A: Solving systems of equations by substitution is a method of solving systems of equations where one equation is substituted into the other to solve for the variables.

Q: How do I know which equation to substitute into the other?

A: You can choose either equation to substitute into the other. The key is to make sure that you are substituting the correct value into the equation.

Q: What if I get stuck while solving the system?

A: If you get stuck while solving the system, try going back to the original equations and re-evaluating your work. Make sure that you are following the correct steps and that you are not making any mistakes.

Q: Can I use the substitution method to solve systems of equations with more than two variables?

A: Yes, you can use the substitution method to solve systems of equations with more than two variables. However, it may be more difficult to solve the system and you may need to use additional techniques such as elimination or graphing.

Q: What are some common mistakes to avoid when solving systems of equations by substitution?

A: Some common mistakes to avoid when solving systems of equations by substitution include:

• Substituting the wrong value into the equation
• Not following the correct steps
• Not checking your work
• Not using the correct method for the type of system you are solving

Q: How do I check my work when solving systems of equations by substitution?

A: To check your work when solving systems of equations by substitution, plug the solution back into the original equations and make sure that it satisfies both equations.

Q: Can I use a calculator to solve systems of equations by substitution?

A: Yes, you can use a calculator to solve systems of equations by substitution.
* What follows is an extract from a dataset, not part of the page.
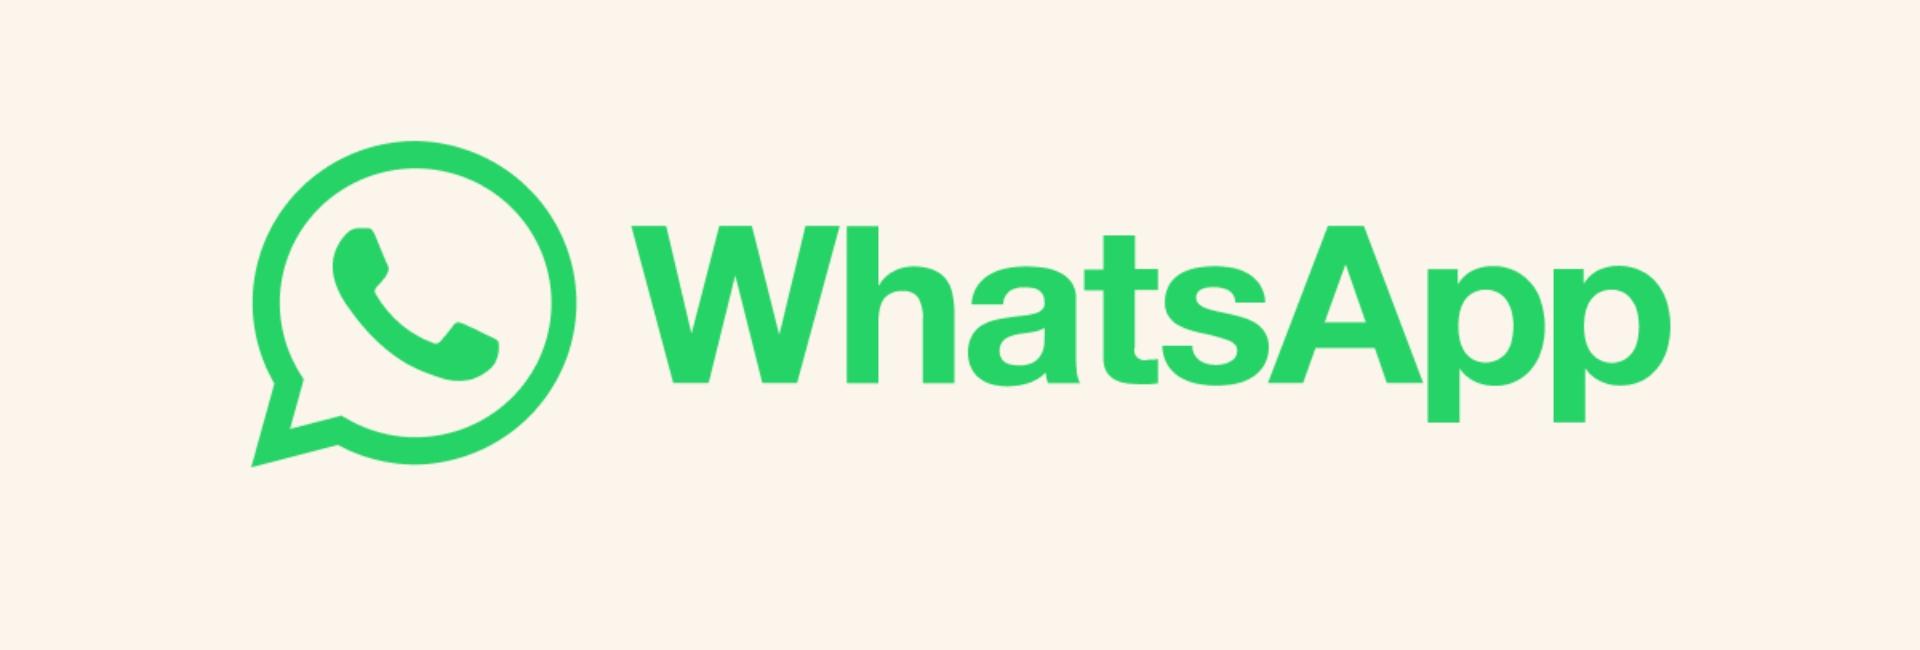 WhatsApp libera no Brasil recurso que permite enviar mensagens para até 5 mil pessoas

However, it is still important to understand the steps involved in solving the system and to be able to check your work.

Q: What are some real-world applications of solving systems of equations by substitution?

A: Solving systems of equations by substitution has many real-world applications, including:

• Physics: Solving systems of equations by substitution can be used to solve problems in physics, such as finding the position and velocity of an object.
• Engineering: Solving systems of equations by substitution can be used to solve problems in engineering, such as designing a bridge or a building.
• Economics: Solving systems of equations by substitution can be used to solve problems in economics, such as finding the equilibrium price and quantity of a good.

Conclusion

Solving systems of equations by substitution is a powerful method that can be used to solve a wide range of problems. By understanding the steps involved in solving the system and by being able to check your work, you can use this method to solve systems of equations with any number of variables.

Tips and Tricks

• Make sure to substitute the correct value into the equation.
• Make sure to solve for the correct variable.
• Make sure to check your work by plugging the solution back into the original equations.
• Use a calculator to check your work and to make sure that you are getting the correct solution.

Real-World Applications

Solving systems of equations by substitution has many real-world applications, including:

• Physics: Solving systems of equations by substitution can be used to solve problems in physics, such as finding the position and velocity of an object.
• Engineering: Solving systems of equations by substitution can be used to solve problems in engineering, such as designing a bridge or a building.
• Economics: Solving systems of equations by substitution can be used to solve problems in economics, such as finding the equilibrium price and quantity of a good.

Conclusion

Solving systems of equations by substitution is a powerful method that can be used to solve a wide range of problems. By understanding the steps involved in solving the system and by being able to check your work, you can use this method to solve systems of equations with any number of variables.